Among the records that follow, set down only the lines from the one containing "Cardigan and shirt" to the one containing "Insert: 65% viscose 35%", both included, exactly.

[Records for processing]

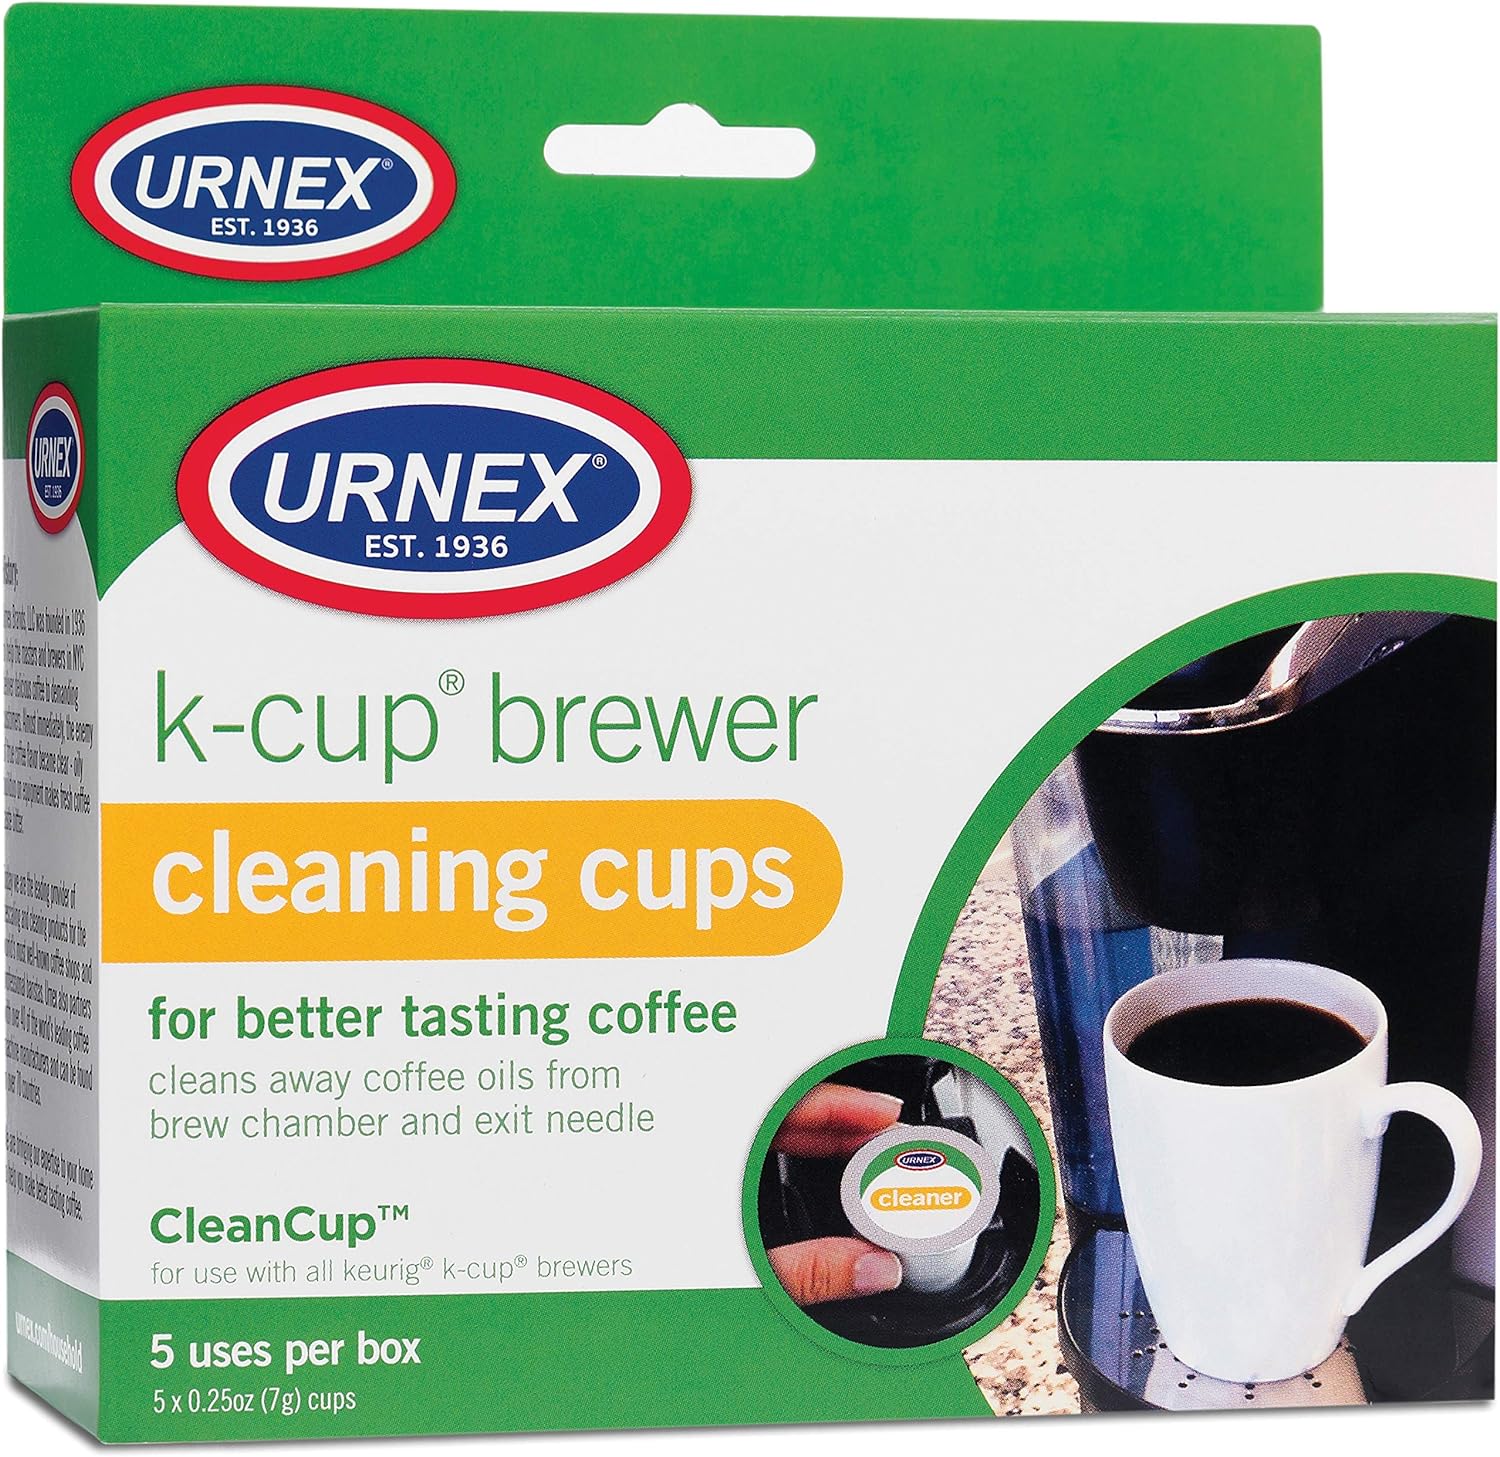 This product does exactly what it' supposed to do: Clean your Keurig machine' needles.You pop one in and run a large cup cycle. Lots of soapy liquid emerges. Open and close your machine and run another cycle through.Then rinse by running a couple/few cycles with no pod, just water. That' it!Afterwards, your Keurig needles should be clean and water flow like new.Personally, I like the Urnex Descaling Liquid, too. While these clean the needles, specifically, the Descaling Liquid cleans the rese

[/Records for processing]
[Records for processing]

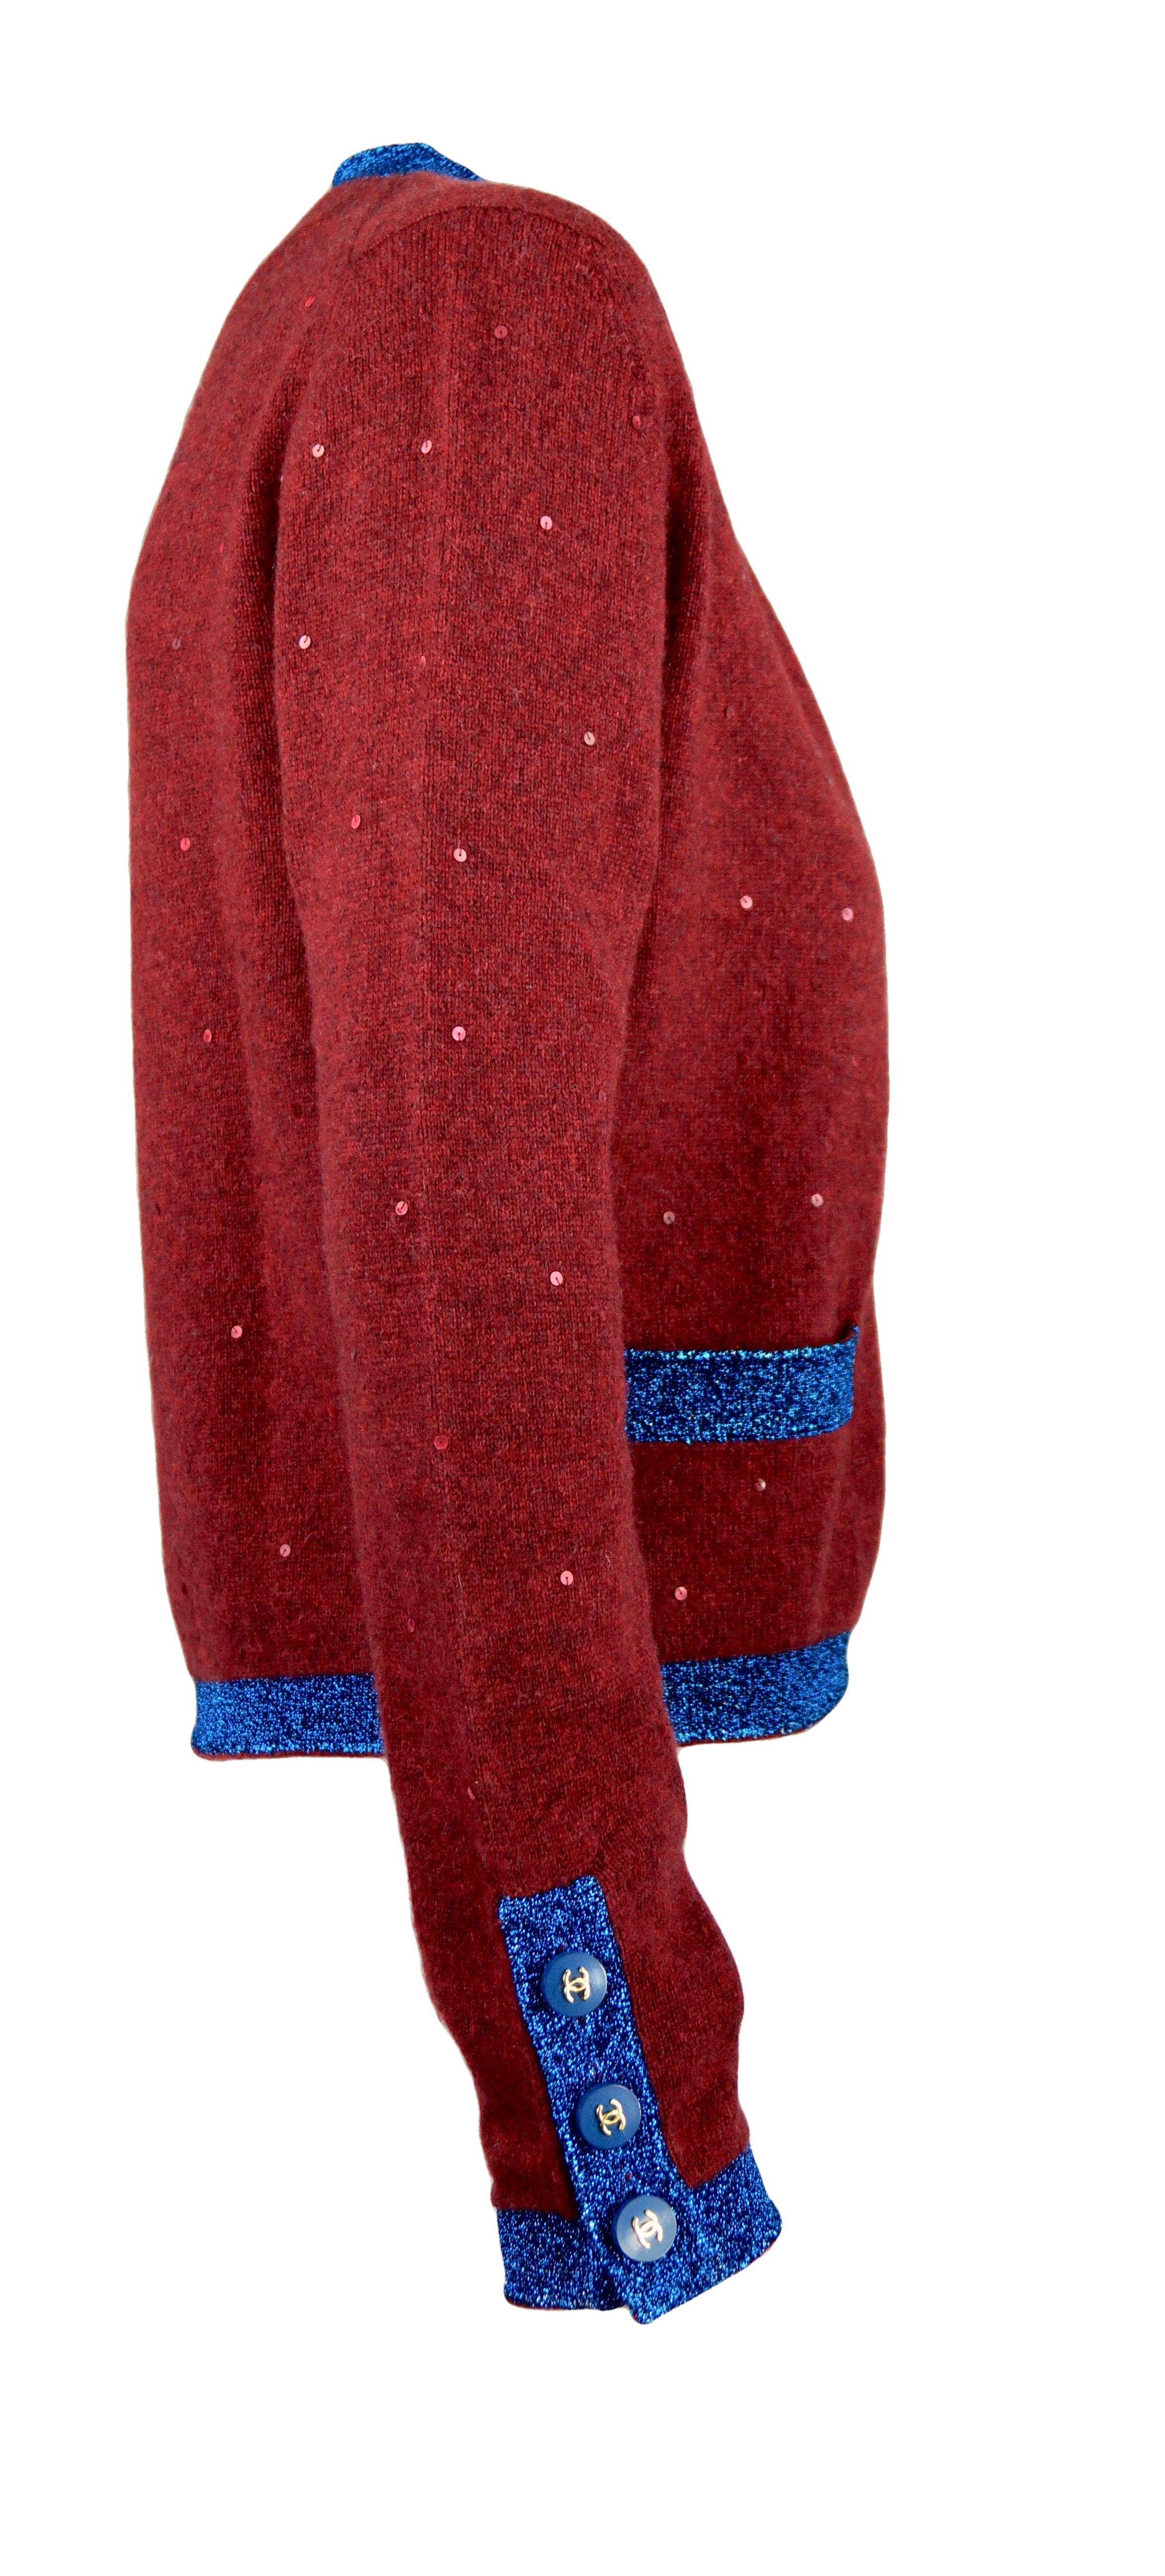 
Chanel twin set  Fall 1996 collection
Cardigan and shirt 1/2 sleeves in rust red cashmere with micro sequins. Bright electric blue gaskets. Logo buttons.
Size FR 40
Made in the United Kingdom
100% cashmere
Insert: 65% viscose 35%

[/Records for processing]

### [Output for this task]
Cardigan and shirt 1/2 sleeves in rust red cashmere with micro sequins. Bright electric blue gaskets. Logo buttons.
Size FR 40
Made in the United Kingdom
100% cashmere
Insert: 65% viscose 35%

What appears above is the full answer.